I’m friends with a Christian woman who had been involved in some shameful things that she regrets. And now she’s too ashamed to attend a church. But if we know that we are clothed in the righteousness of God alone, then we can come boldly into our churches, no matter where we’ve come from, knowing we’re all sinners before holy God and in need of His grace. And God alone, not us or anyone else, gives us right standing before Him. It should also give us confidence in our workplaces, to be bold, to speak up in meetings, to share ideas, to chat with others, because we have right standing before God based on our trust in the sufficiency of God’s work. And when life gets hard, we keep going because His work is trustworthy. So we’re able to keep our joy because we’ve been given eternal life. We have God’s own armor on. When it comes to my own righteousness, it’s like I have filthy rags for clothing. Or even like today, I have a polo shirt [and] some blue jeans. But, you know, I also have some armor on, and you can’t see it with your eyes. It protects me from evil. It guards my heart and my mind from believing insults, from believing lies; it gives me confidence for the day that I am going to stand before God. And, you know, God will accept me on that day. Because He’s the One who made the armor for me. And it’s His own armor. It’s His own righteousness, not mine. So let’s put on Christ and His righteousness today and every day. Wendy, that’s all I have for today. I hope this has been a blessing.
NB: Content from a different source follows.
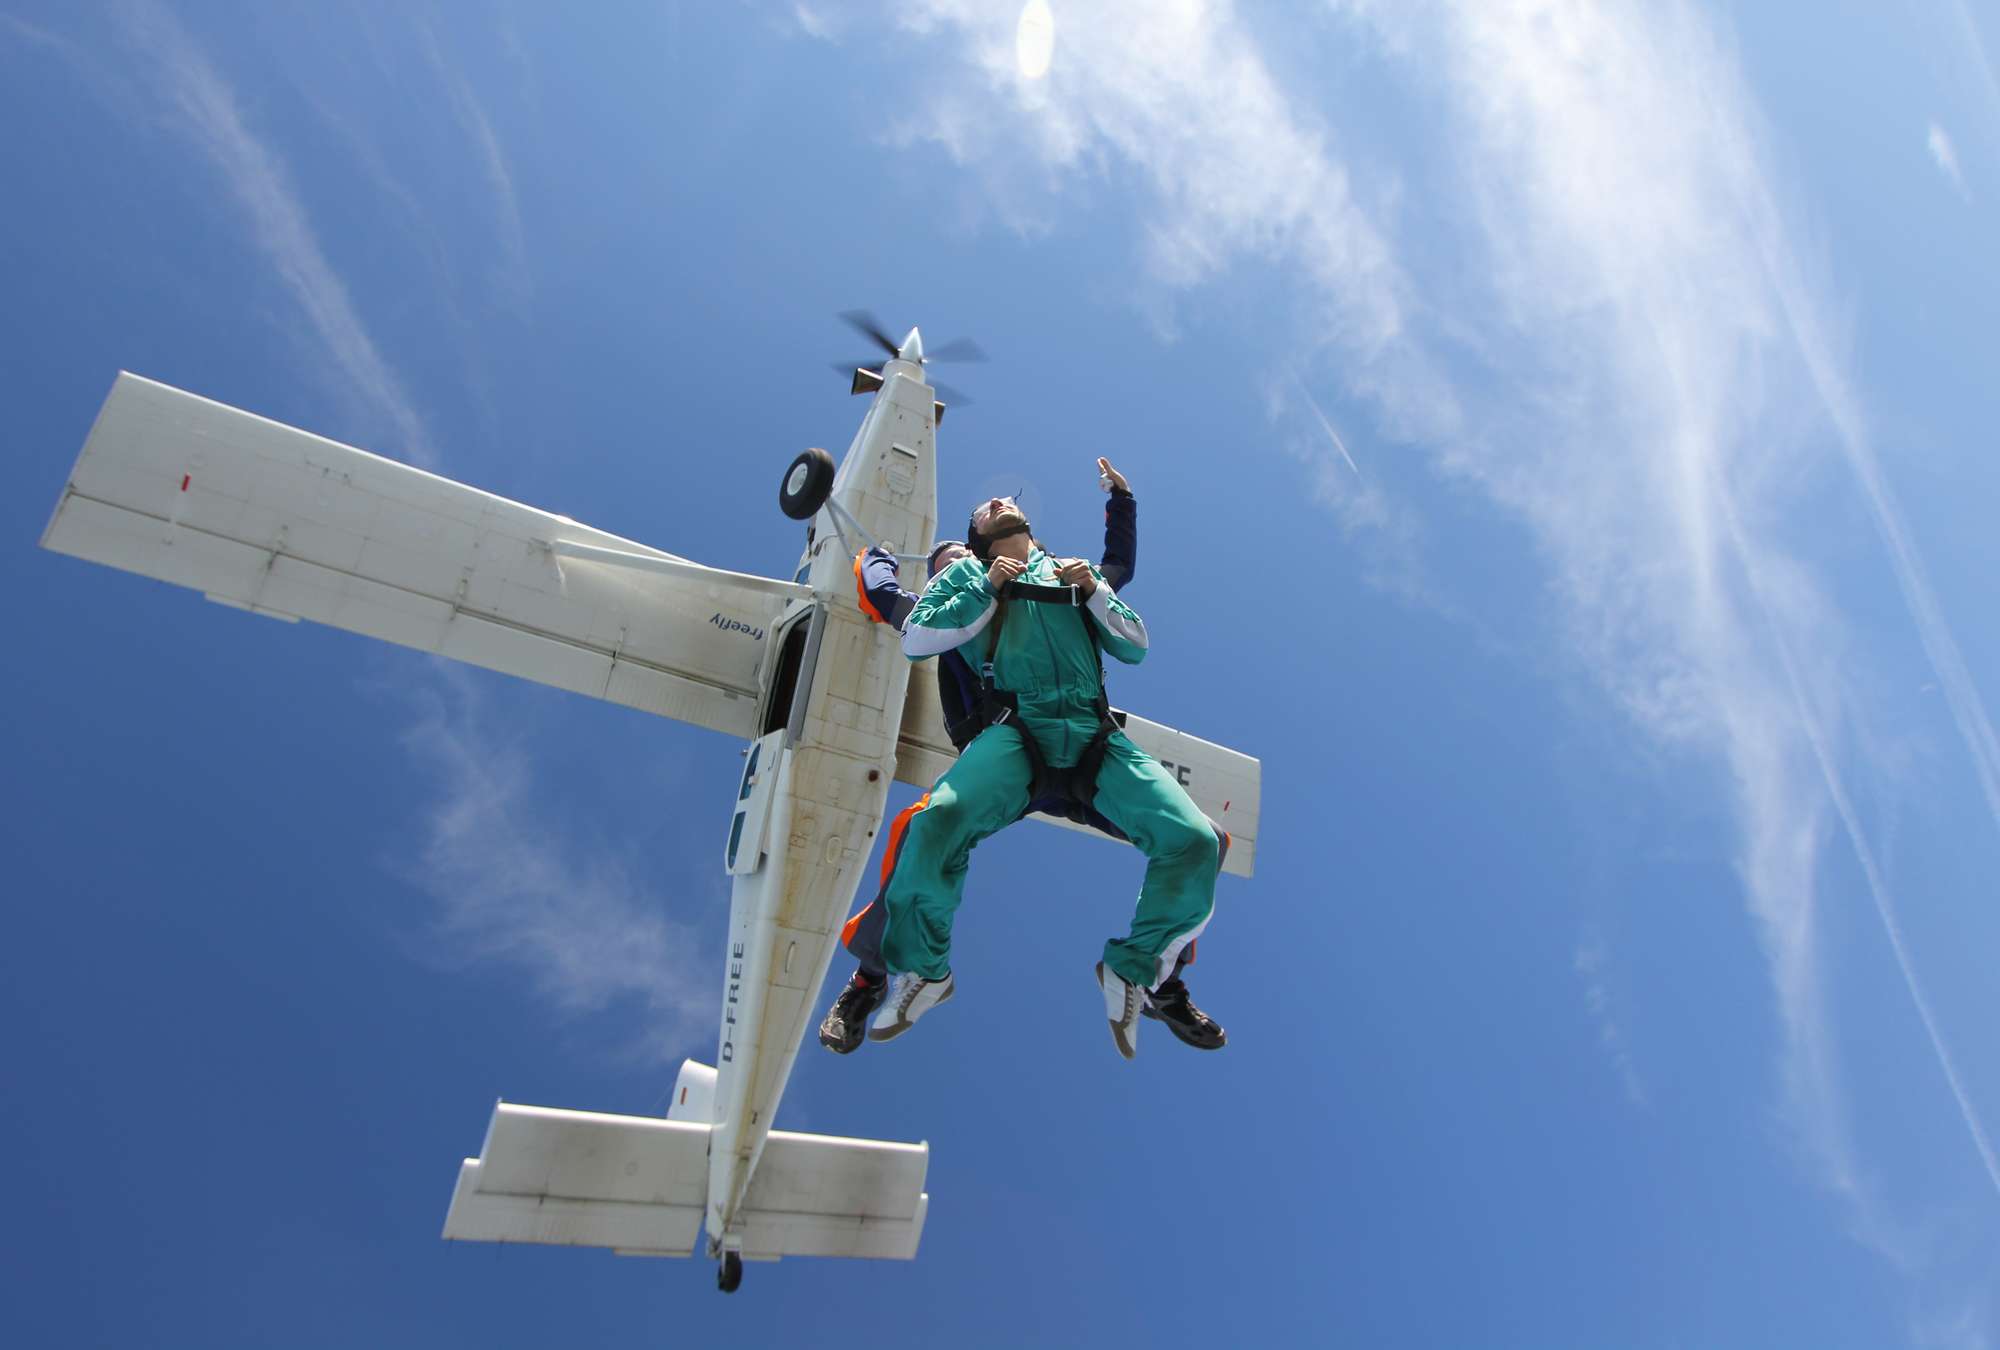             Fondo de pantalla de Paracaídas - Salto en tándem y vista al cielo
        
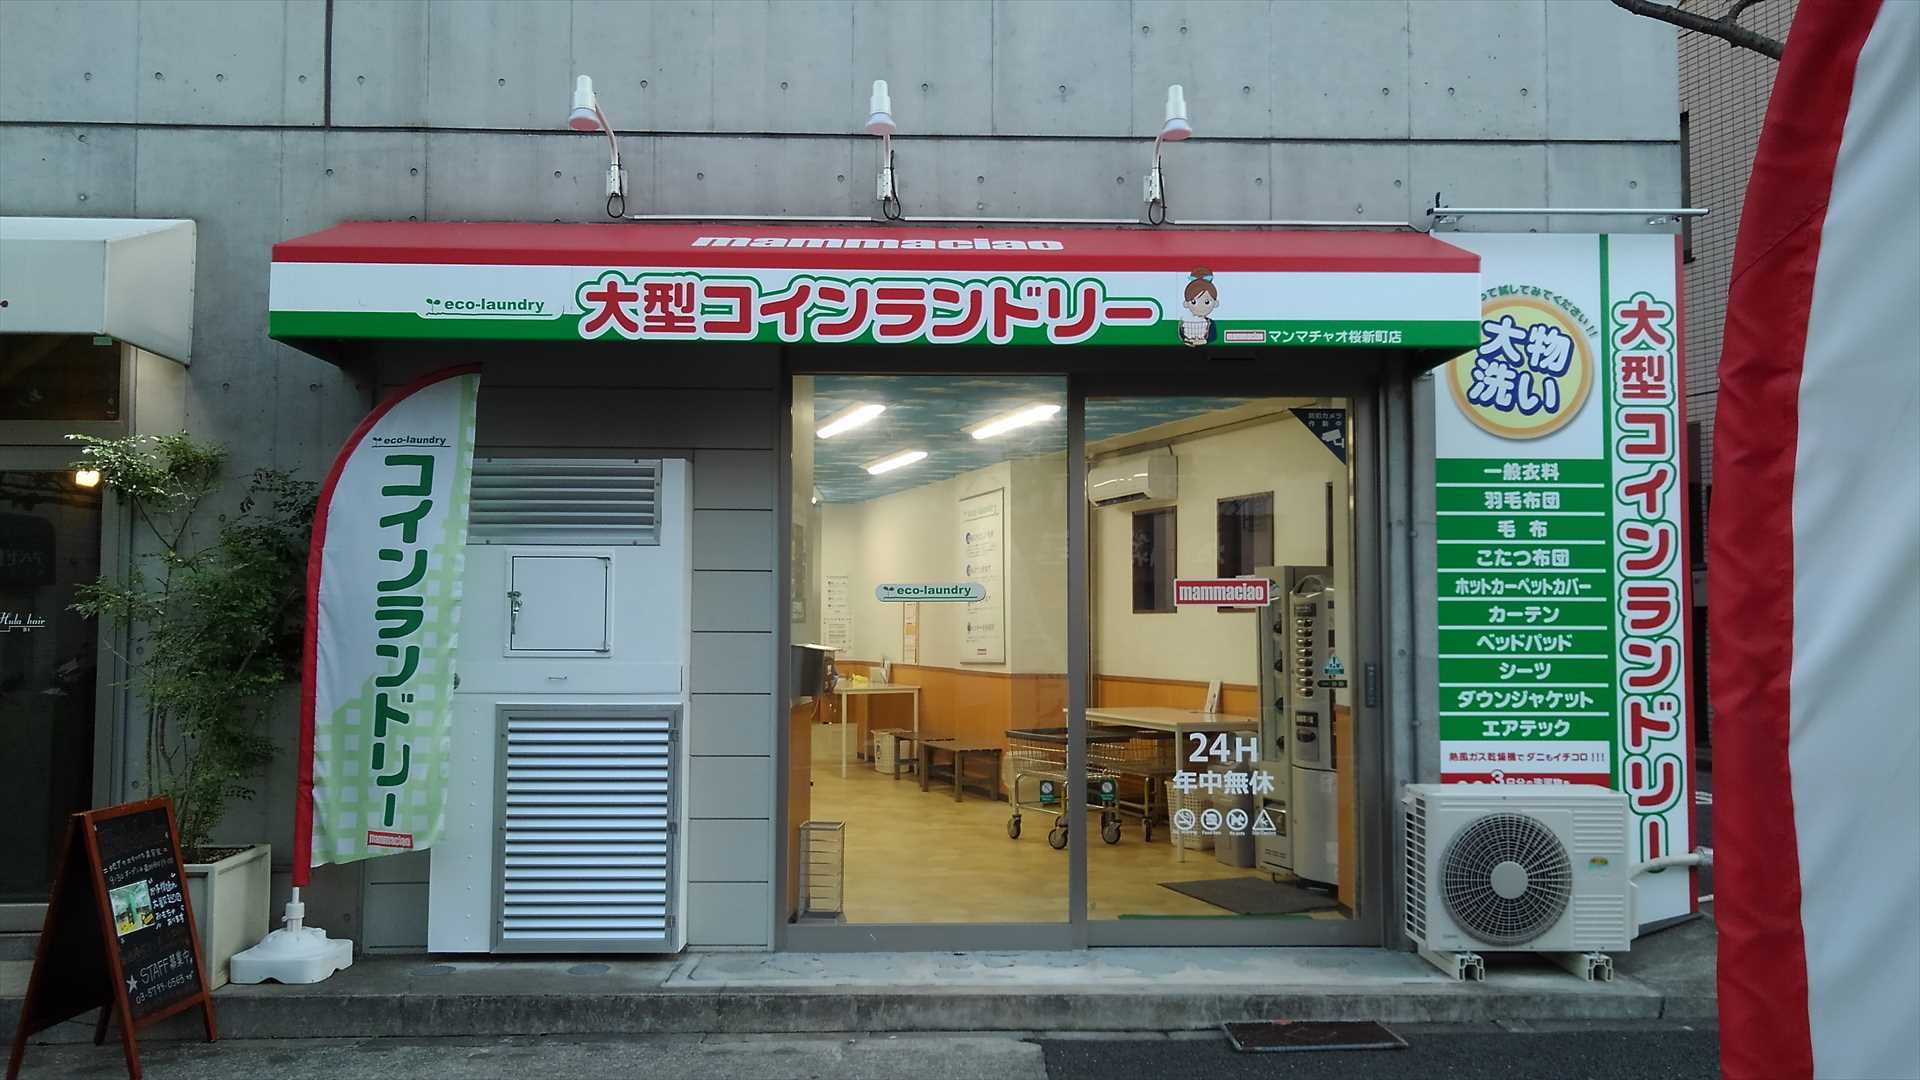 「大型コインランドリーマンマチャオ桜新町店」(東京都世田谷区)

WB: Oh, Eric, absolutely. And I want to thank you for first … I mean, it’s just a beautiful lesson. There’s not much to add, except to just thank you for explaining righteousness to us in a way that’s understandable because it’s such a hard concept to grasp. And then talking about the armor of God. And I thought the very best way to close today … God laid this on my heart last night as I was looking over this lesson, that I’ll just close this today praying the armor of God (Ephesians 6:14-17).
Father, strengthen us with Your helmet of salvation so that we can stand against the culture and the lies of the evil one. Father, cover our hearts with the breastplate of righteousness. Jesus defeated the power of sin and death at the cross, and it no longer has power over us. We stand in His sacrifice. Father, gird us with the belt of Truth. Your Word is Truth. We choose to believe Your Truth and reject the lies of the enemy in the world. We stand centered and strong against his temptations, deceptions, schemes and accusations. Father, we put on the shoes of the gospel of peace. We choose to be an instrument of Your peace and stand ready to live out and give an account for the faith we have in You today. And, Father, we hold up the shield of faith. We trust and believe You are the King of kings, the Lord of lords, the great I Am, the Author and Perfecter of our faith. We reject a spirit of fear; we stand in the spirit of Your power and love and a sound mind. And finally, we take up the sword of the Spirit. We choose to believe Your Truth over the enemy’s lies. Pour out Your Truth. Pour out Your Spirit over us because we choose this day to stand on Your living, active, penetrating Word. Oh, Father, thank You for these mighty weapons of warfare. Thank You that You’ve already won the battle we’re fighting. Thank You that we are victors because greater are You who lives in us than he who lives in this world (1 John 4:4). So today we come under Your power and Your authority. Fill us with the fullness of Your Spirit. Use us to do Your Kingdom work as we march onward as sons and daughters of the living God. We ask this in Jesus’ name, amen.